#### [PROVIDED RECORDS]

■ ■ ■

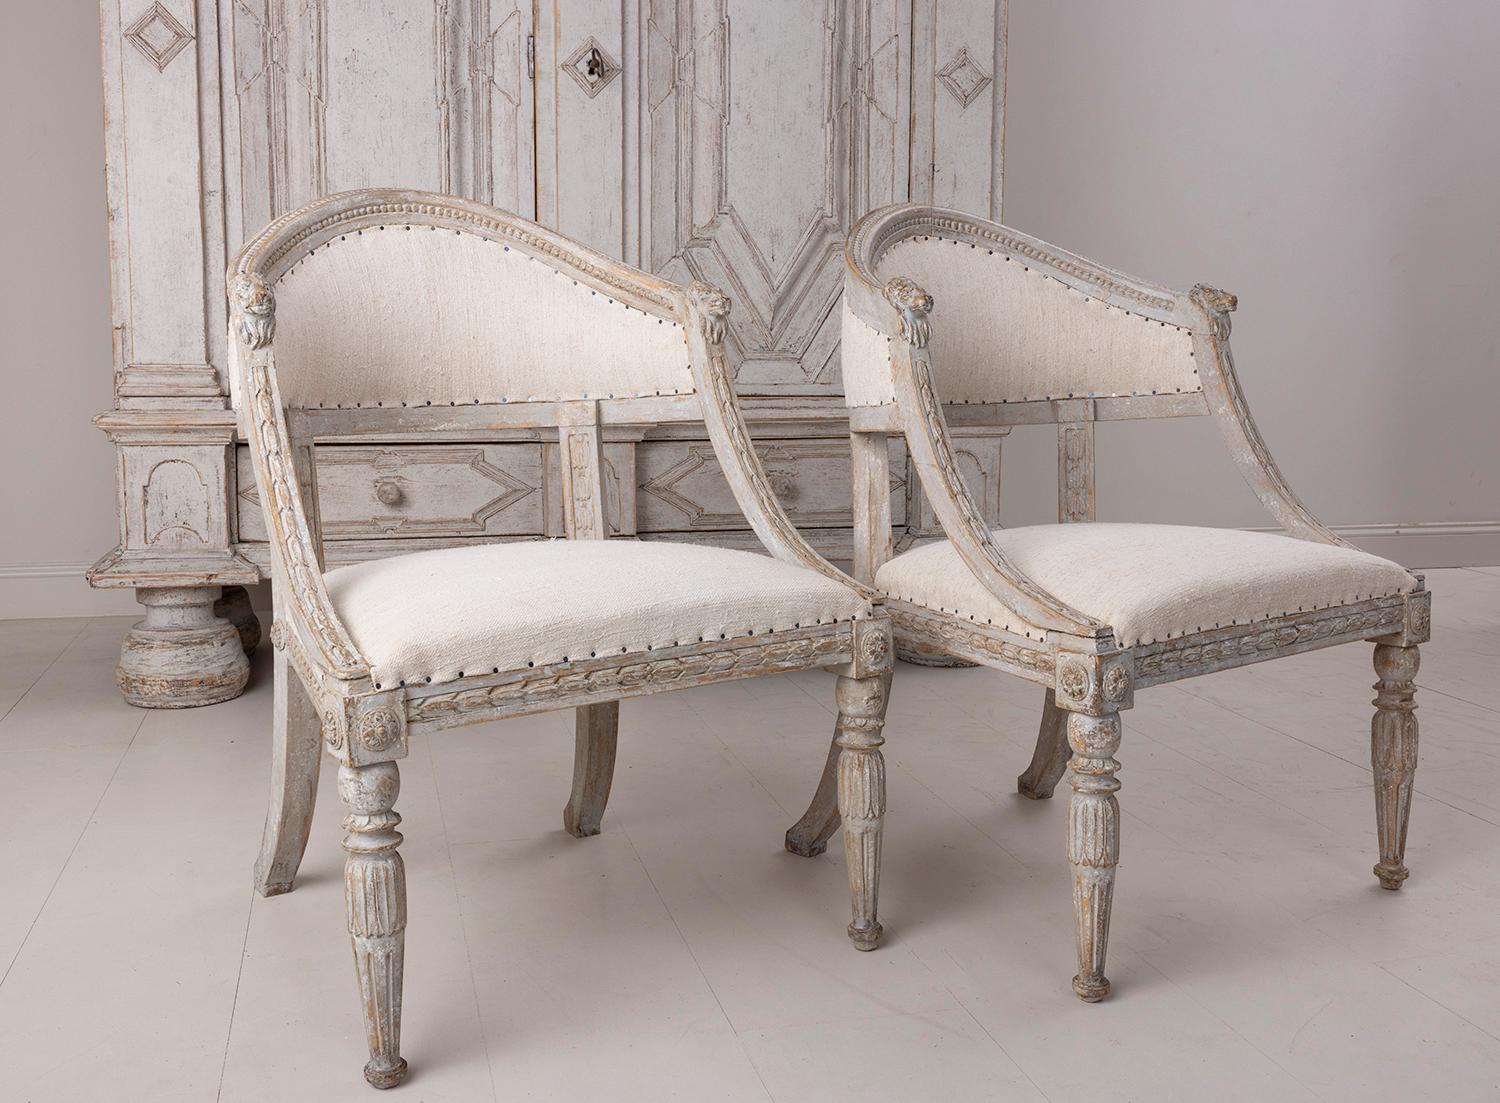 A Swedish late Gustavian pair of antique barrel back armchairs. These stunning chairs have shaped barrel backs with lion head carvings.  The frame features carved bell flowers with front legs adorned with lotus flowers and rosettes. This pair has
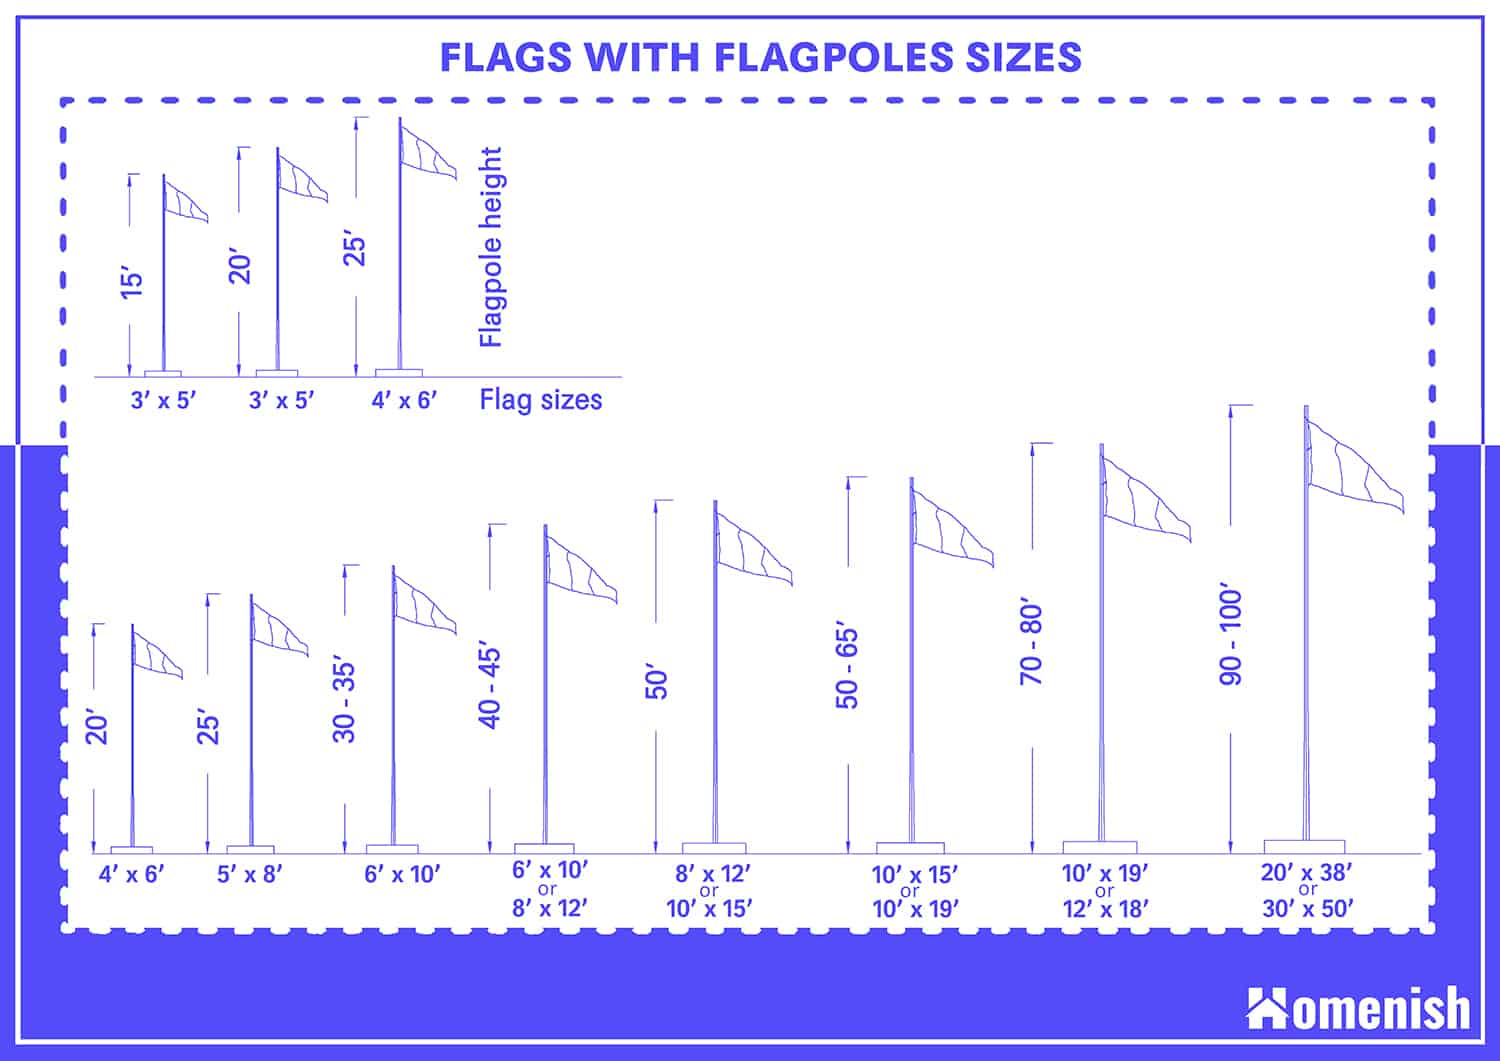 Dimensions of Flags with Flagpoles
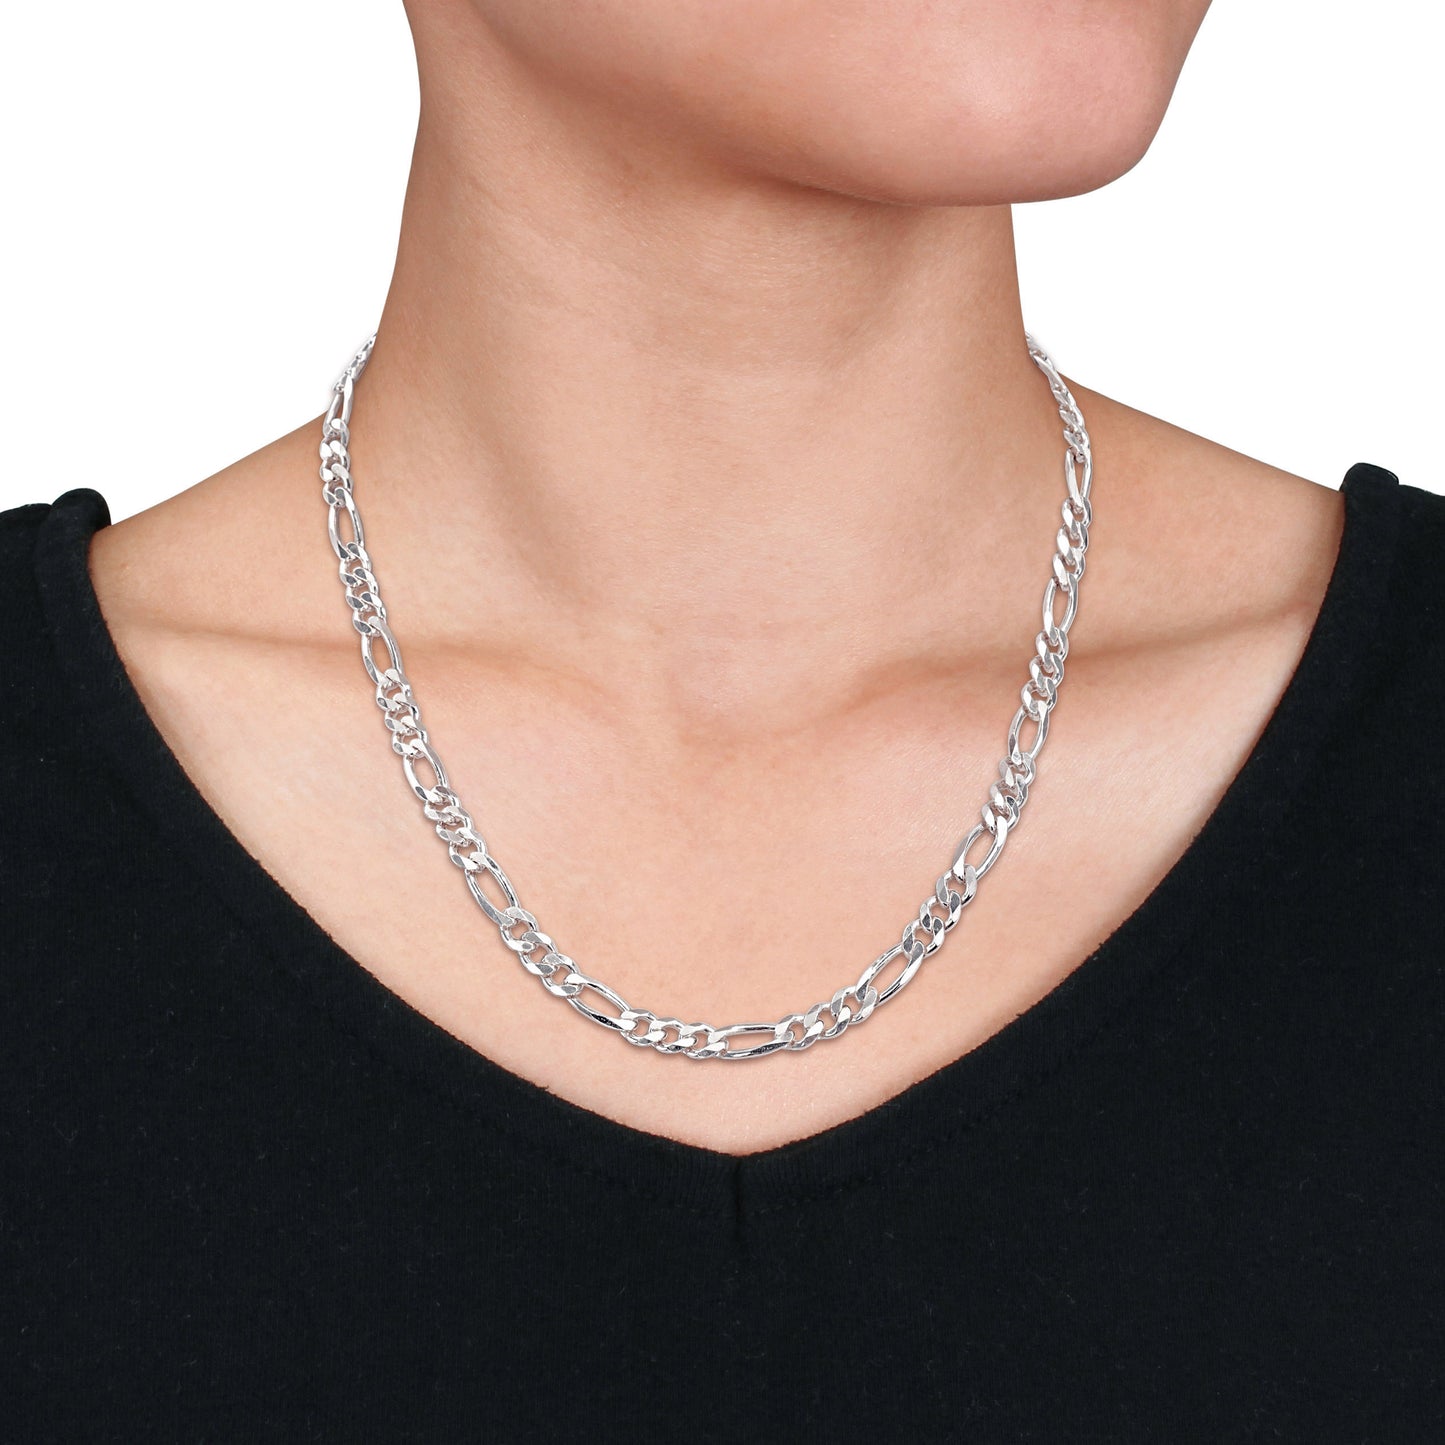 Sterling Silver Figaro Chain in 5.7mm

■ ■ ■

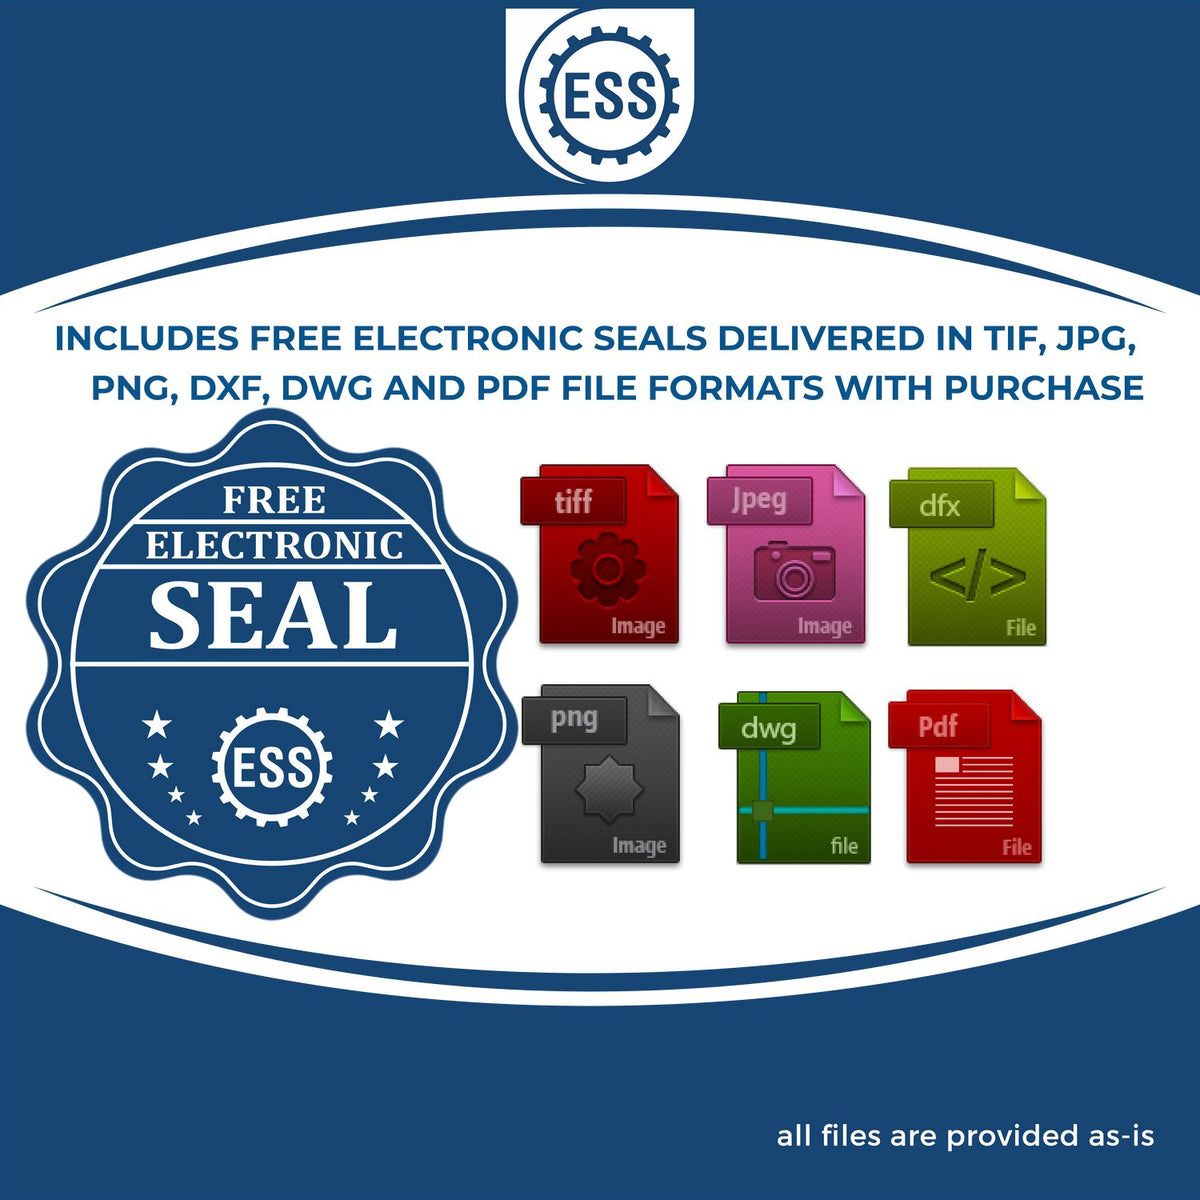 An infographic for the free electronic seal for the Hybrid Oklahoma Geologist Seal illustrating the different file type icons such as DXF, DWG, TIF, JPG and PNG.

■ ■ ■

Leaving out all pictures, set down exactly the lines of the material above, from the line with "A Swedish late" to the line with "Sterling Silver Figaro Chain in 5.7mm" inclusive, and no others.

#### [TASK OUTPUT]
 A Swedish late Gustavian pair of antique barrel back armchairs. These stunning chairs have shaped barrel backs with lion head carvings.  The frame features carved bell flowers with front legs adorned with lotus flowers and rosettes. This pair has
 Dimensions of Flags with Flagpoles
 Sterling Silver Figaro Chain in 5.7mm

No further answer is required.